Mantuvo su mirada de curiosidad. «Una bruja. Es lo que dicen las comadres de los Condados Centrales.»
«¿Ya tienes una opinión?»
«Los informes de los Sacerdotes de la zona confirman las sospechas. Muchos aldeanos desaparecen de la nada sin dejar rastro. Otros muestran un comportamiento violento atípico.»
Nephelim frunció el ceño, en señal de espera.
«Una Maldana. No es la bruja que buscan los Henders.»

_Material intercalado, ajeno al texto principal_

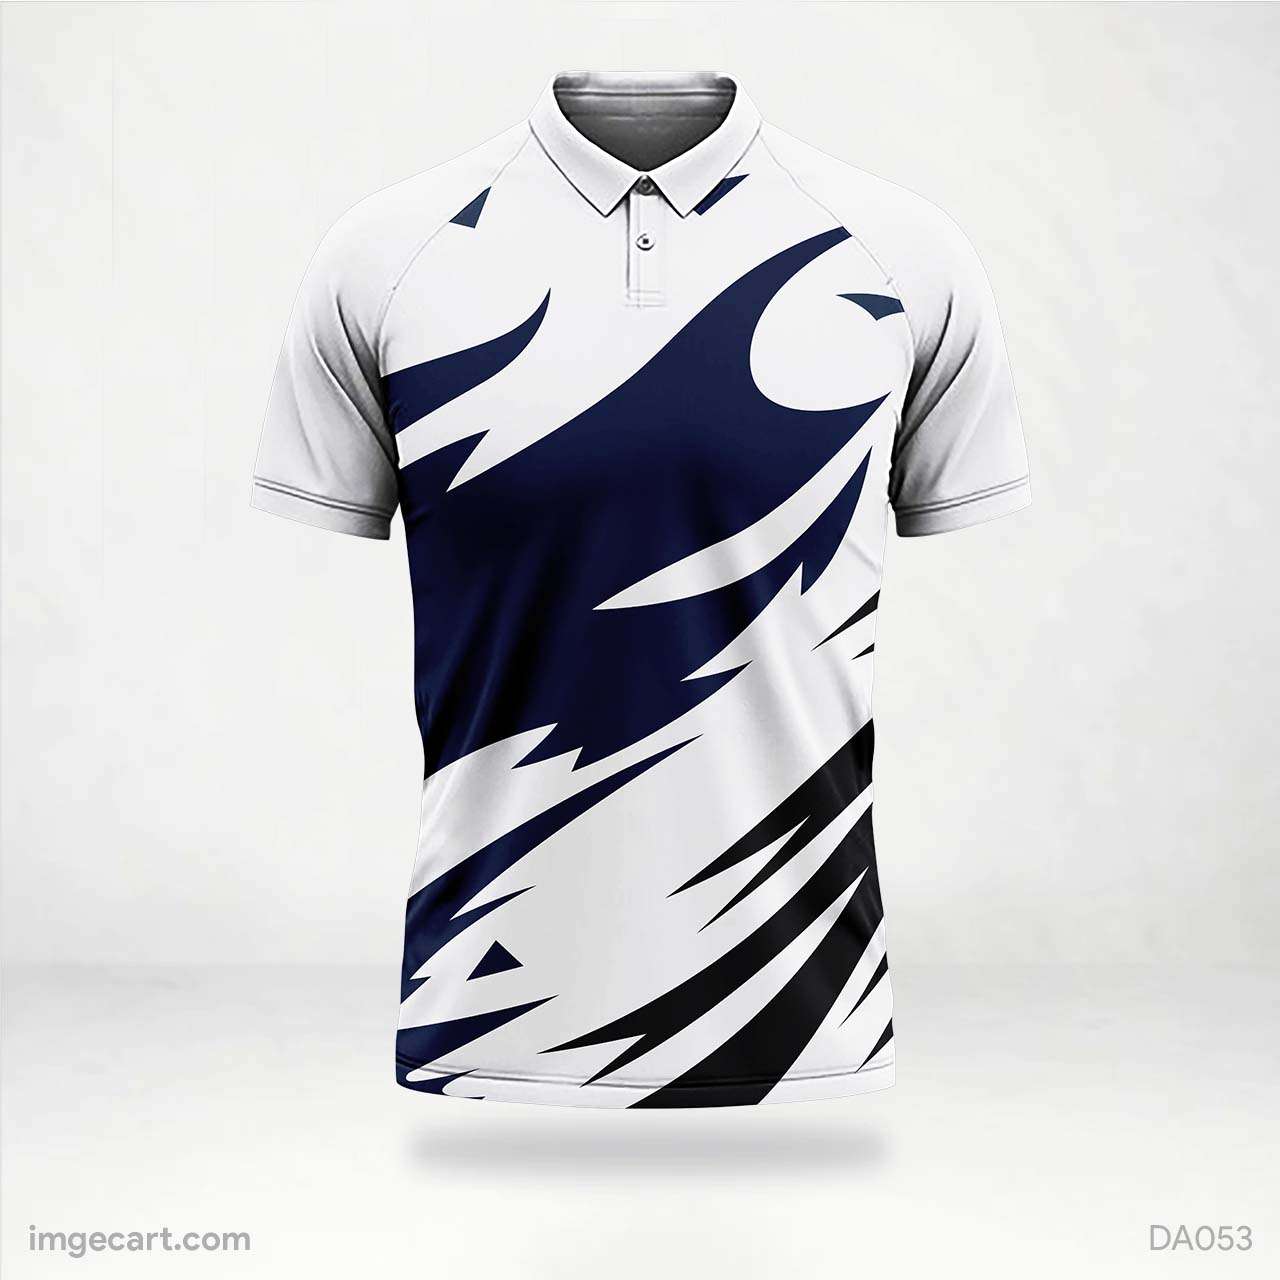 Cricket Jersey Design Blue with Red Pattern - imgecart

El Paladín asintió, y se guardó sus pensamientos para sí mismo.
Encontraron a la bruja en una casucha de madera, que en otros tiempos había sido la cabaña de caza del Señor del Condado, en medio del Bosque de los Susurros. Ataron los caballos a un árbol no muy lejano. Habían comenzado a exaltarse tan pronto como se adentraron en el bosque.
Dalain había decidido esperar hasta la mañana para entrar en la bruma que envolvía el lugar.
Nephelim observó cuidadosamente los árboles desnudos y delgados. Árboles torcidos. El tronco crecía curvo y formaba una onda que se elevaba directamente desde el suelo hacia el cielo blanquecino. Podía sentir la magia, aunque no tuviera ese talento.